1921 – 2015

NEW GLOUCESTER — Martha Baird Lobozzo, 94, originally from Ayrshire, Scotland, passed away peacefully at her home on Monday, Nov. 23, after a brief but valiant fight against the ravages of lung cancer.

In recent weeks, all 12 of her grandchildren made the pilgrimage from as far away as Jackson Hole, Wyo., San Francisco, Calif., and Parsberg, Germany, to sit quietly by her bedside, holding her hand and sharing their affection and memories.

She was born May 7, 1921, in Hurlford, a small village in the county of Ayrshire, near the west coast of Scotland, to Peter and Elizabeth Baird, their middle child and only daughter.
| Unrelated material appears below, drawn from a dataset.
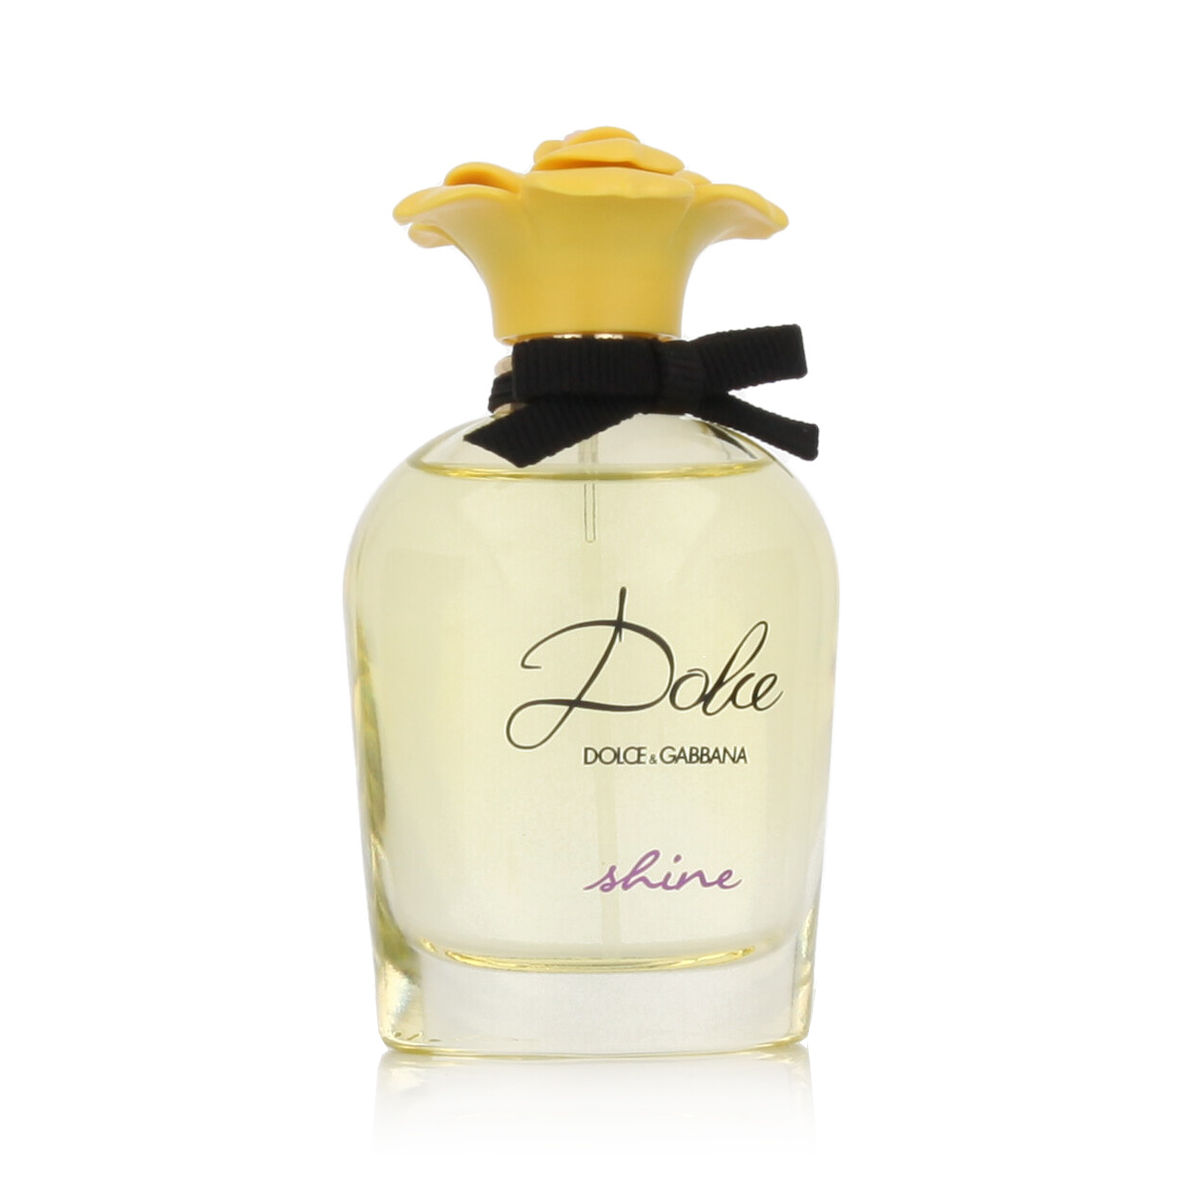 Dolce & Gabbana Dolce Shine 5 ml kvepalų mėginukas (atomaizeris) Moterims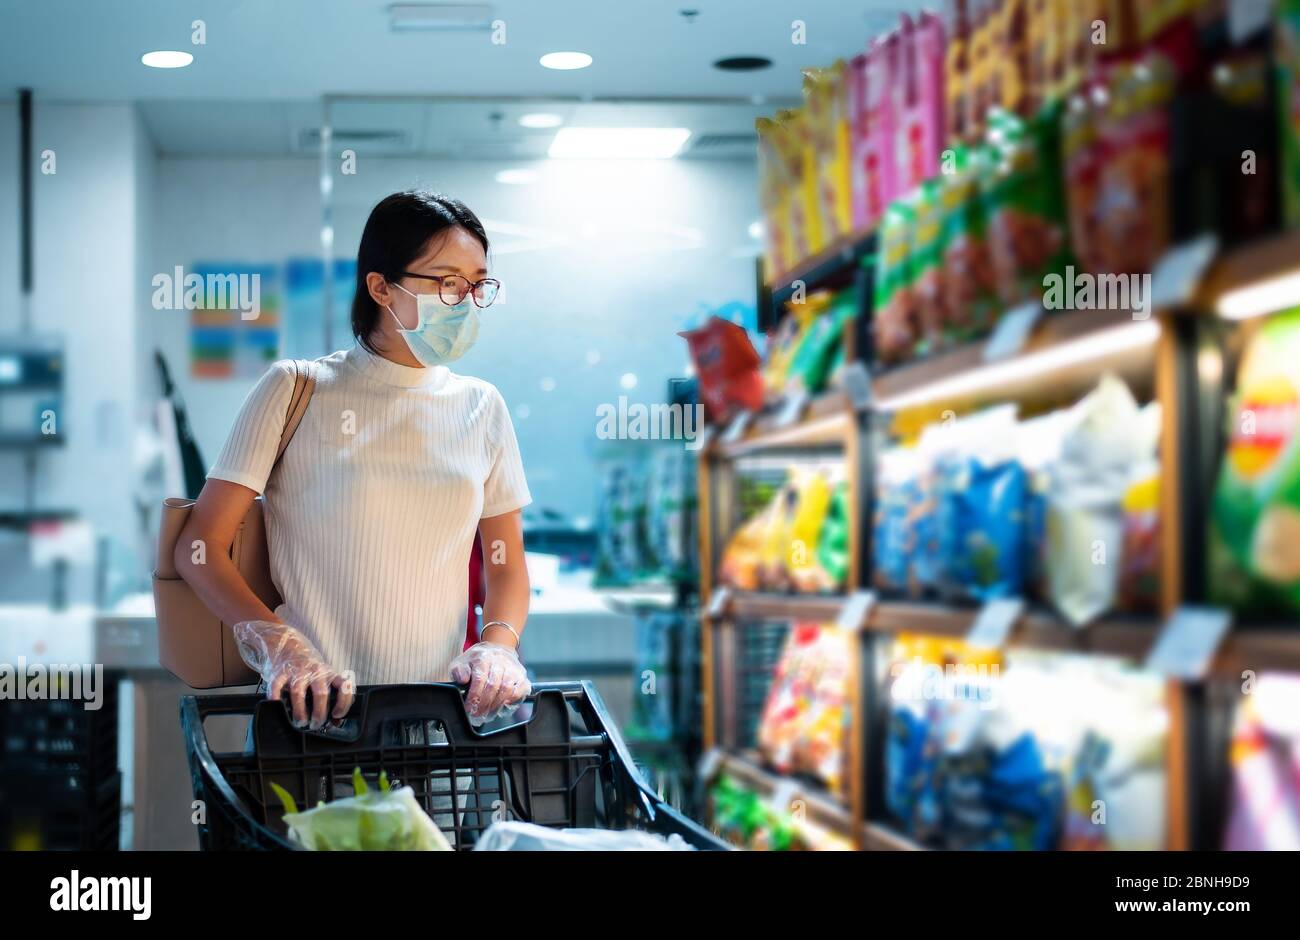 Femme asiatique qui fait ses courses sur le marché, portant un masque et des gants pour prévenir la propagation du virius pendant la pandémie du coronavirus Banque D'Images

Her father died tragically in a workplace accident when she was just a toddler, but an extended family of aunts, uncles and grandparents stepped in to assist her mother in raising the young Martha in an atmosphere of love and support.

She was proud of being able to beat most of the boys on her street in a footrace, and being selected on academic merit as one of the village girls to attend Kilmarnock Academy, in the nearby “big city” of Kilmarnock, for secondary school.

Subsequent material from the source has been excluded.